The club is associated with two coaches who were inaugural inductees of the New Zealand Athletics Coach Hall of Fame: Arthur Lydiard (ONZ, OBE) and Arch Jelley, OBE, coach of 1976 Olympic 1500m gold medallist John Walker.

The late 1990s and into the 2000s saw the club's senior membership dwindle to social membership as organisational politics led to the senior membership amalgamating with College Rifles Harrier Club to form Auckland City Athletics Club with the goal of rivaling larger Auckland regional athletic clubs. Throughout the 2000s the junior membership of the club continued to be run by club stalwarts who persevered and preserved the club as a piece of international athletic history. Over the next ten years, the members entered non-competitive teams into relay events and maintained the children's athletics programme.

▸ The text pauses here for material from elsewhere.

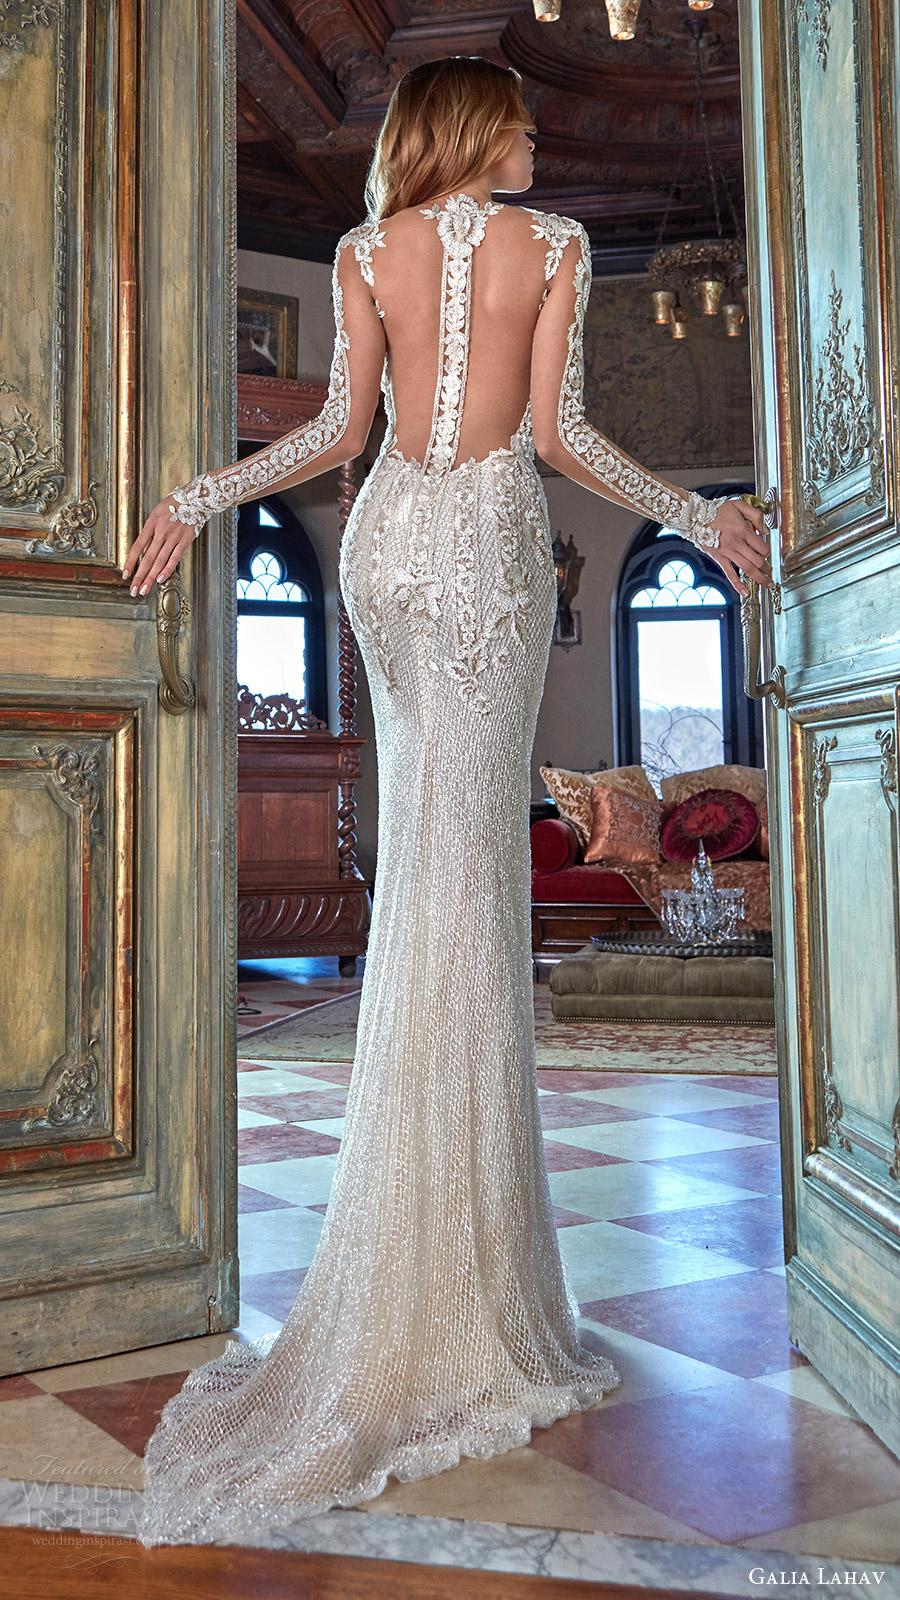 Galia Lahav Spring 2017 Couture Wedding Dresses  Le

In 2009, the club worked with the Auckland City Council to build new facilities for the club and a new youth centre on the site of the old clubrooms at the Lovelock Track. During the 50th anniversary year of the 1961 Lovelock Track opening, Sir Murray Halberg opened the new clubrooms which coincided with the launch of a new five-year plan to rebuild the full membership of the club. Late in 2012 saw the closure of the existing Lovelock track and earthworks to begin on the resurfacing of old asphalt and black rubber surface to bring the track to competition standard once again. In September 2013, Owairaka celebrated its 70th Jubillee and will celebrate its 75th in 2018.